Впереди распахивались дали, высились горы, а к вечеру вдруг захолодало. Кнут священник молил Господа дать им пройти, прежде чем Он закует землю во льды, а одновременно молился за Геста, громким голосом называя его своим другом. Гест слушал и думал, что у священника тоже светлело на душе по мере того, как они удалялись от города.

Мало-помалу Кнут начал рассказывать о своей датской родине, о Хедебю, этой жемчужине многолюдных торговых городов, где кого только не встретишь — и вендов, и русичей, и саксов, и франков, не считая датчан и скандинавов всех мастей. В защищенной гавани всегда полным-полно изукрашенных кораблей, дома разрисованы, церкви с колоколами, а единоверцы могли в безопасности отправлять свое святое служение и летом, долгим и милостивым, как прощение, и зимою, что была короче самого малого греха; правда, южнее лежали земли враждебных саксов, но на пограничье тянулся мощный оборонительный вал — Датский вал, который конунг Харальд Синезубый[63] сперва потерял, однако ж затем отвоевал снова, не без помощи хладирского ярла Хакона, отца Эйрика, случилось это, когда Кнут священник был ребенком — вместе с двумя старшими братьями он ночевал в поле, как вдруг их накрыла какая-то тень и Кнут закашлялся. Они подумали, это облако, присмотрелись: нет, не облако, просто непроглядная тьма, черная ночь, которая вот только что была светлой, непорочно-синей, стало холодно, и кашлял Кнут все сильнее, кашлял кровью, как смертельно больной. Потом мрак рассеялся, кашель утих, Кнут снова сделался бодр и весел.
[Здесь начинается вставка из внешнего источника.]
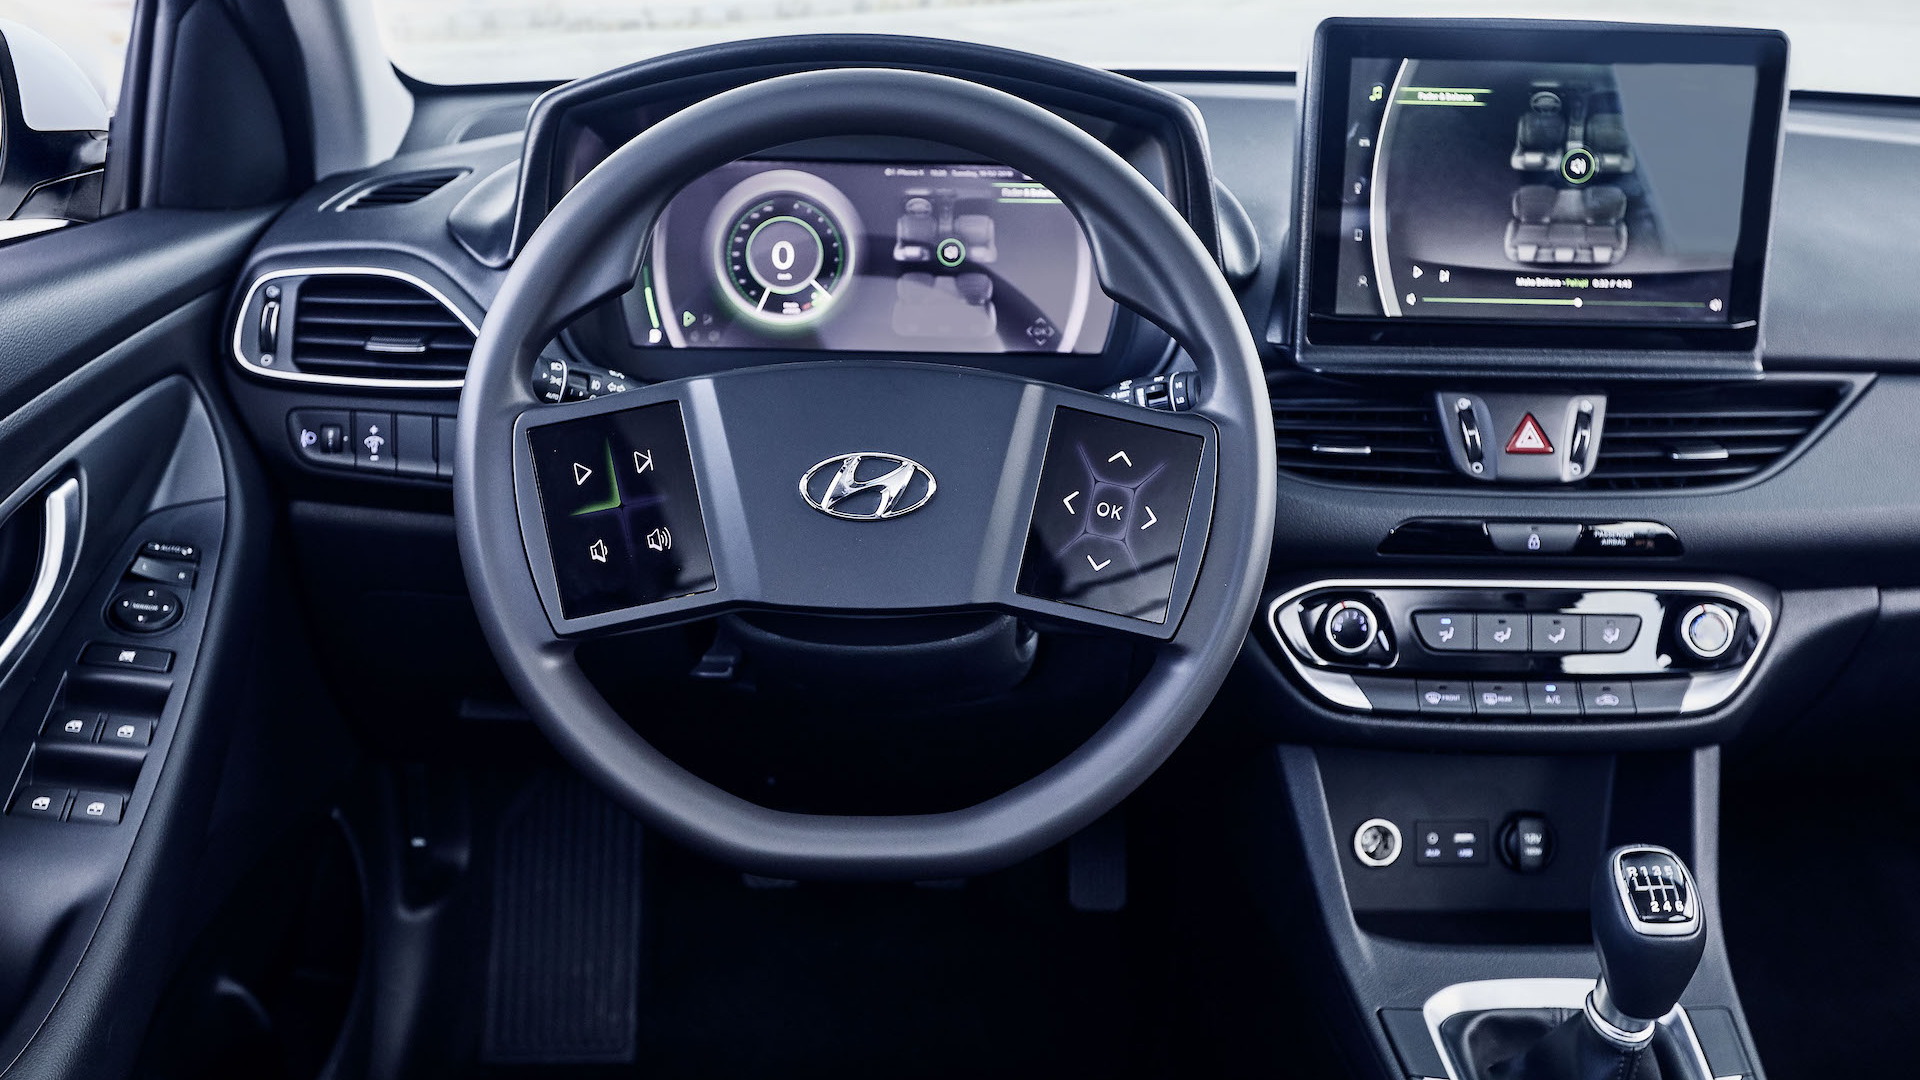 Hyundai next-generation cockpit prototype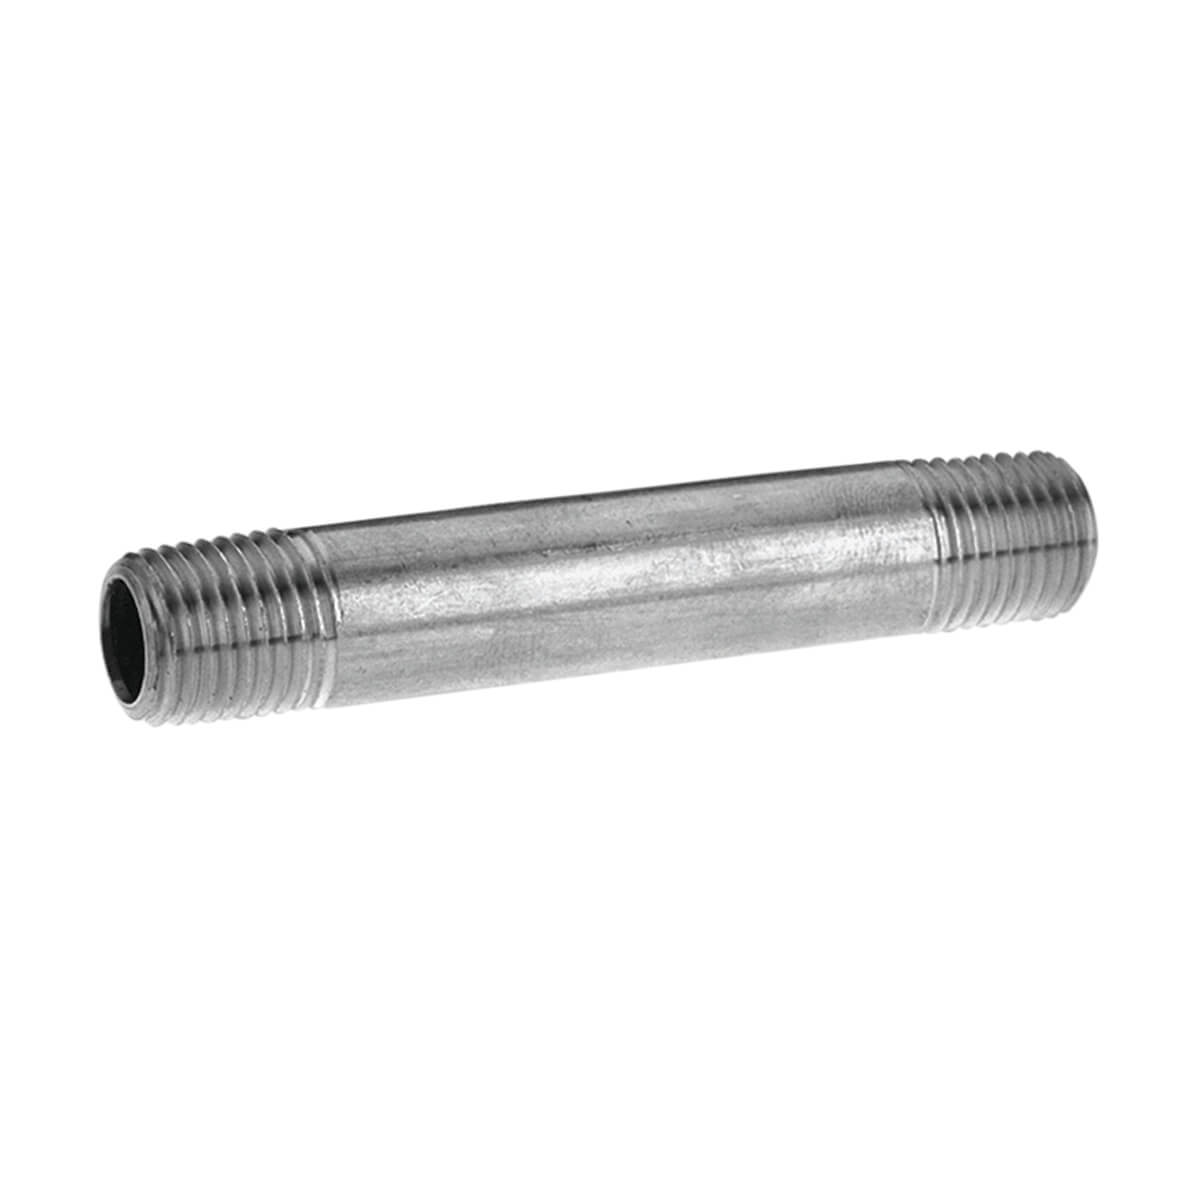 Pipe Nipple Galvanized Steel - 1-1/4-in x 5-1/2-in

Позднее они узнали, что тем вечером к югу от Хедебю случилась большая сеча, в которой с обеих сторон полегли тысячи воинов. Братья засвидетельствовали и мрак, и непонятый Кнутов кашель, обнаружились и следы крови, и в итоге Кнут оказался под покровительством городского священника, заделался его учеником, потом попал в Англию, обретался среди ближайшего окружения короля Адальрада, когда конунг Олав сын Трюггви прибыл туда и был крещен самим королем.

С тех пор Кнут сопровождал Олава, исполняя свое назначение, находился бок о бок с норвежским конунгом-миссионером, среди двух десятков других клириков, в большинстве англосаксов. Последовал за Олавом на север, на Оркнейские острова, а оттуда в Норвегию.

После гибели Олава Кнут священник тщетно бился над одной загадкой, не мог найти ответа на вопрос, почему Господь не излечил его от гложущей тоски по родине. Он все время думал о жизни и о лете в Хедебю, о семье, о которой давным-давно не слыхал, знакомые лица всплывали в памяти, картины детства.

Конечно, Писание гласило, что вера требует мученичества, однако «martyres non facit poena sed causa»,[64] может, и Гест вот так же думает об Исландии?

Верно, Гест жил Йорвой, а теперь еще и Сандеем, но предпочел рассказать про старика Тородда, который твердо верил, что когда-нибудь страна обретет нового властителя, может статься из рода Прекрасноволосого, притом истинного христианина, и теплые ветры растопят лед в горах и в человеках, и Кнут священник и собратья его достигнут почестей за перенесенные мытарства, сделаются как бы хрупкими мостиками меж сильными конунгами-миссионерами, стезею веры, так сказать.

Кнут священник приосанился.

— Н-да, — вздохнул он. — Господи, как все-таки хорошо на время исчезнуть, я ведь не просто был в сомнении, я вообще едва не утратил всю веру.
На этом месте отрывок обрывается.